EXERCISE DESCRIPTION: From the line with "sidewalklabl_logo" to the final line of the data below, please write out every line exactly, with no pictures.

DATASET EXTRACT:
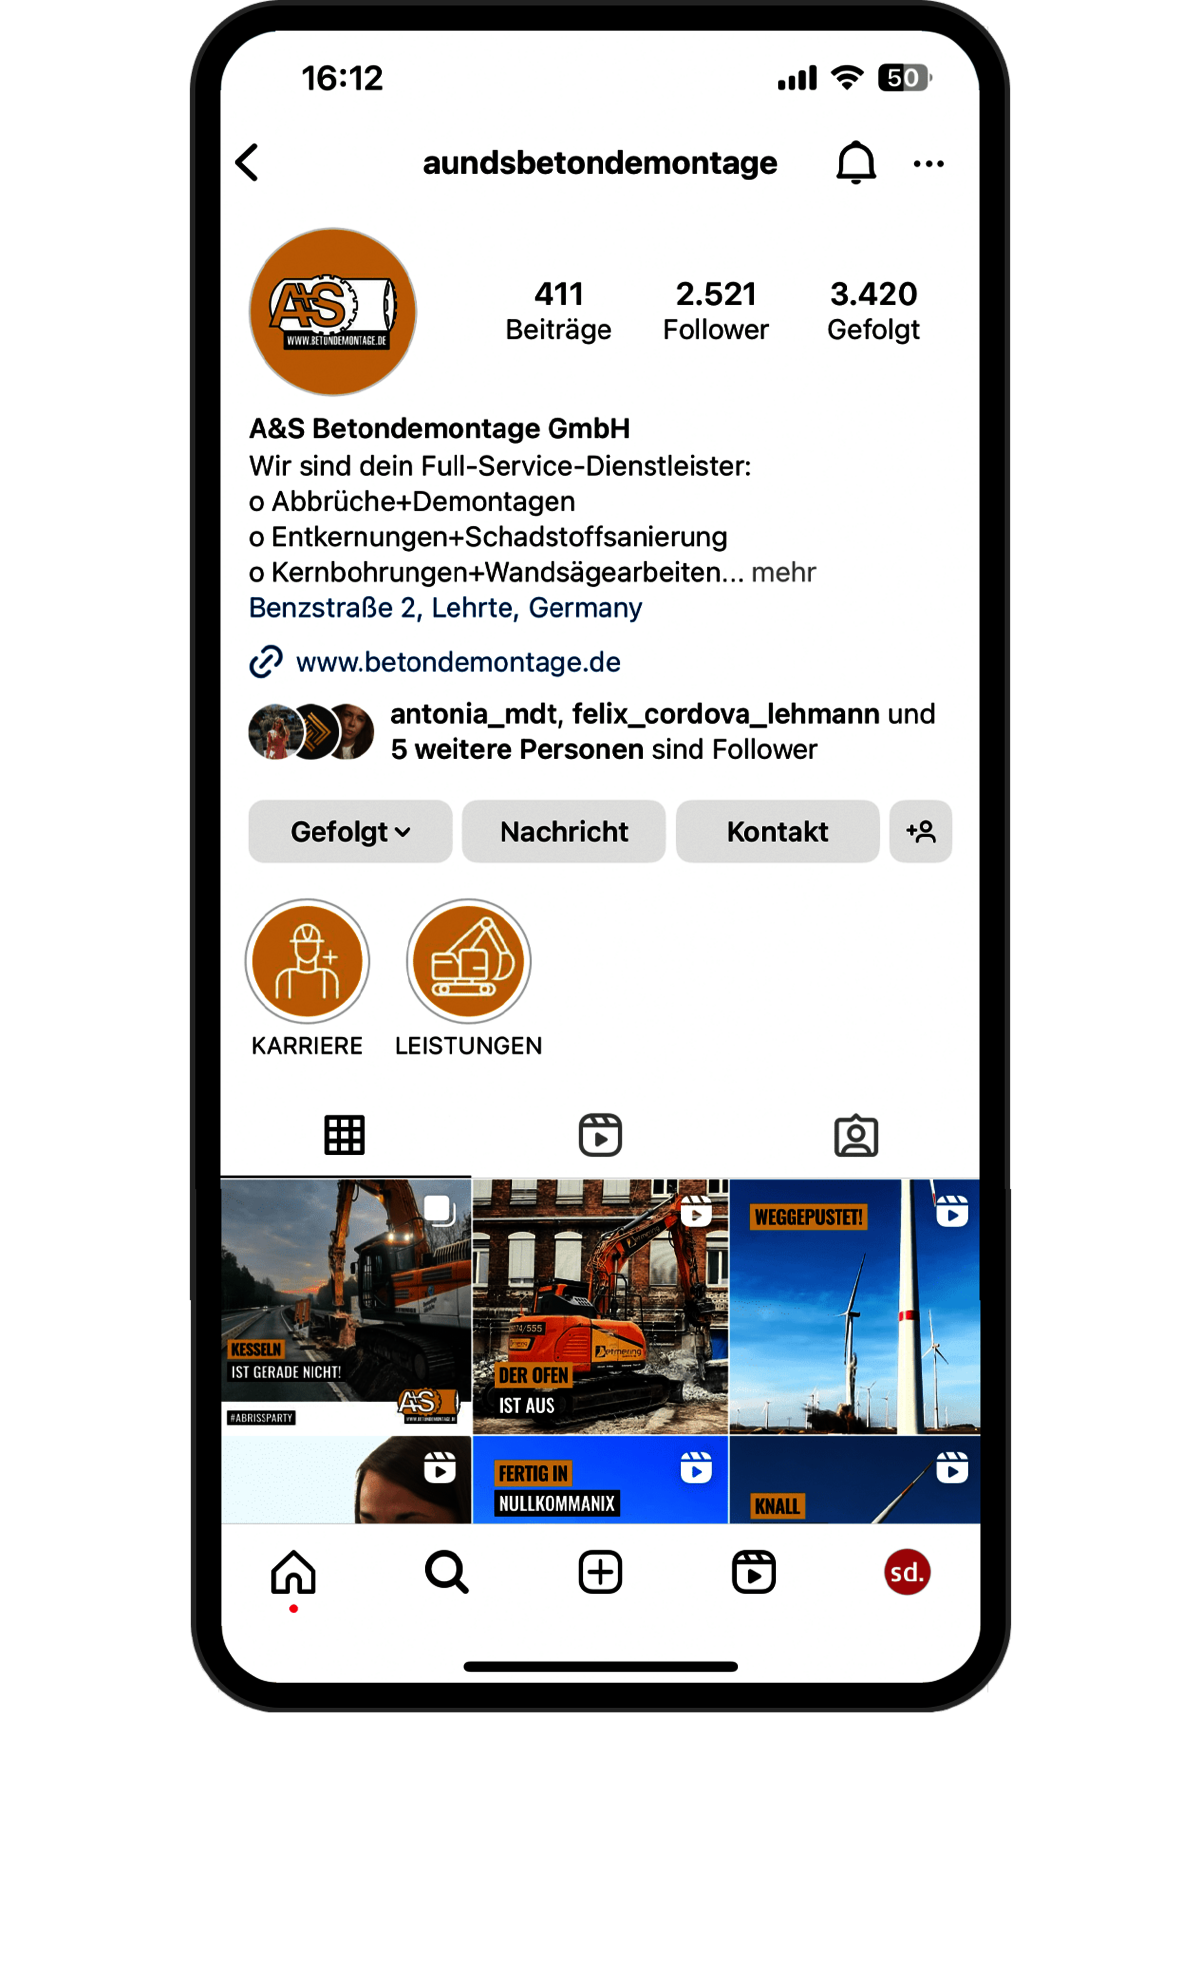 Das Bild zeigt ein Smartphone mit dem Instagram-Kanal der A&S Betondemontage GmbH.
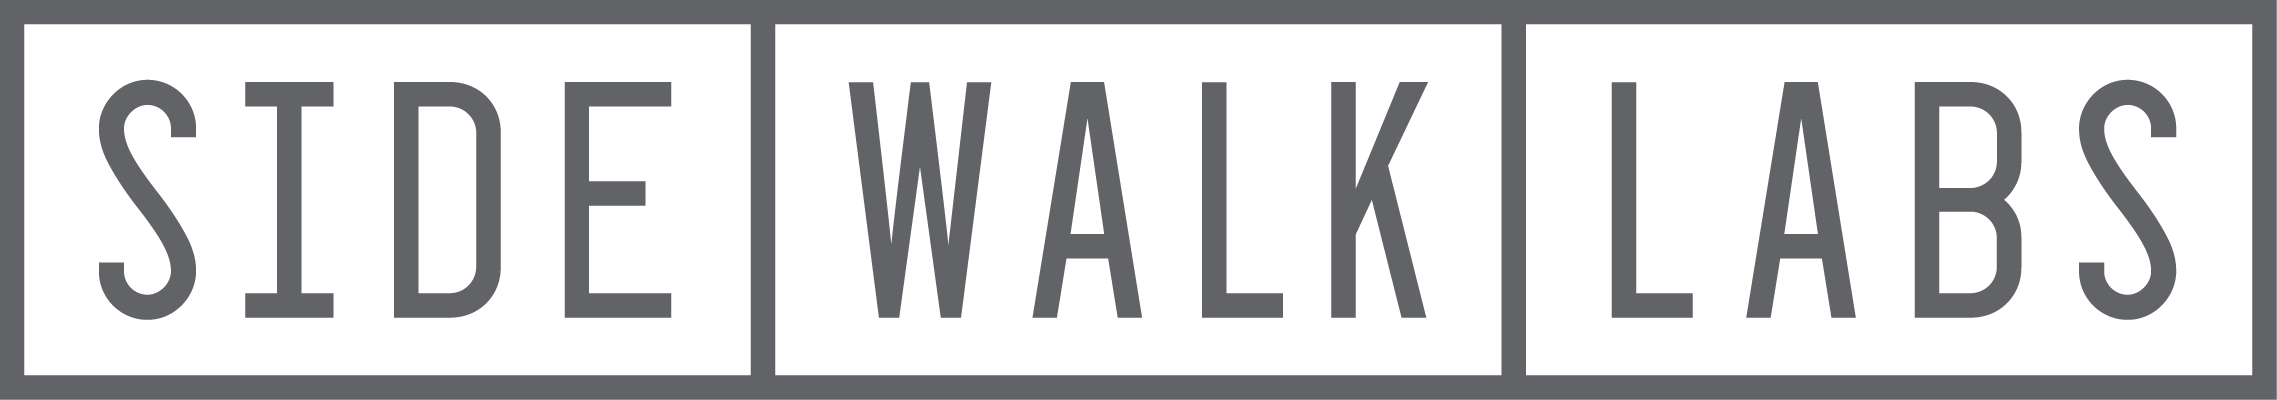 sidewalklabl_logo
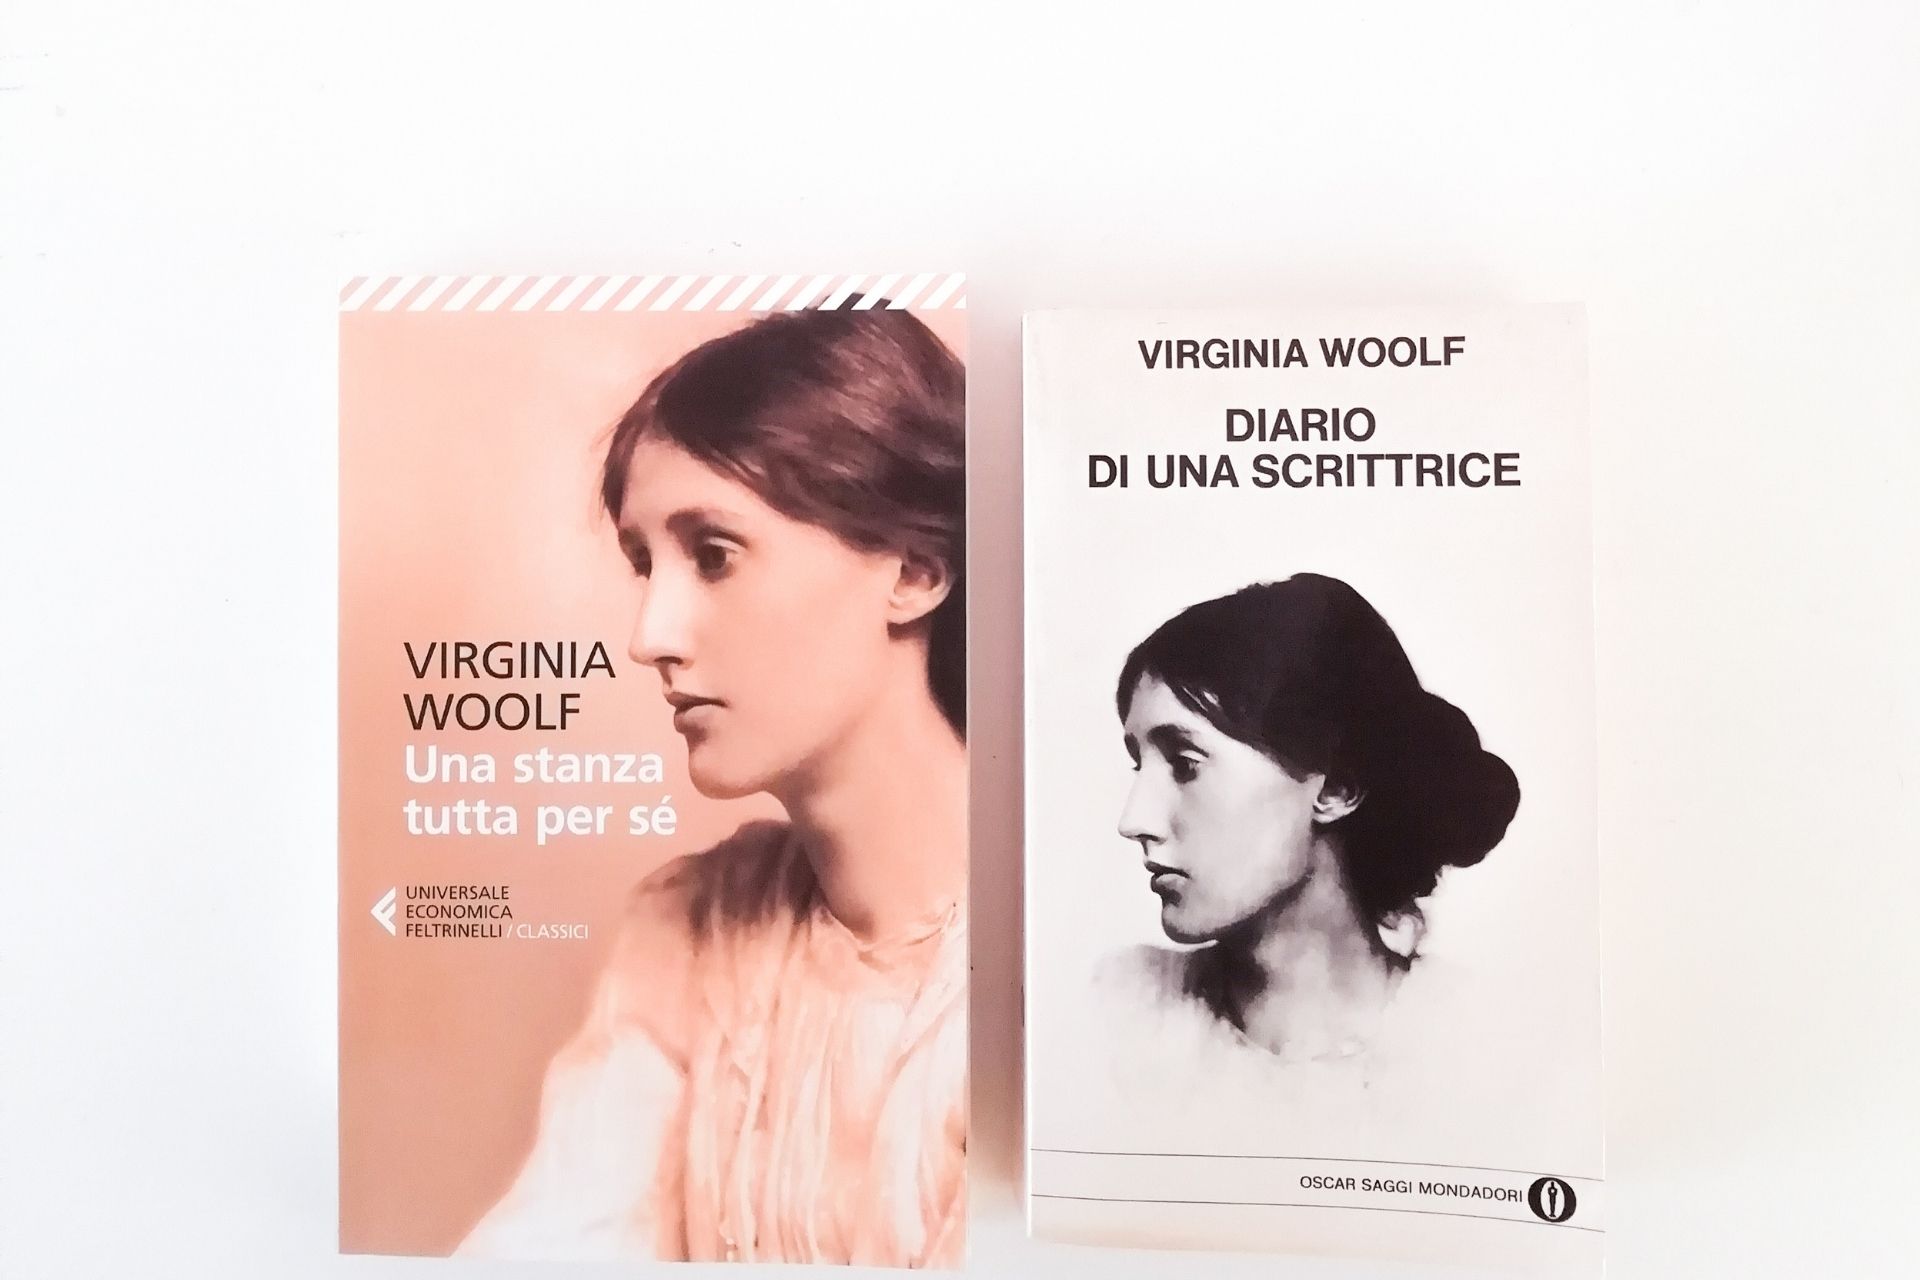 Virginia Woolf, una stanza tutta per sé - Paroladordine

EXPECTED ANSWER:
 sidewalklabl_logo
 Virginia Woolf, una stanza tutta per sé - Paroladordine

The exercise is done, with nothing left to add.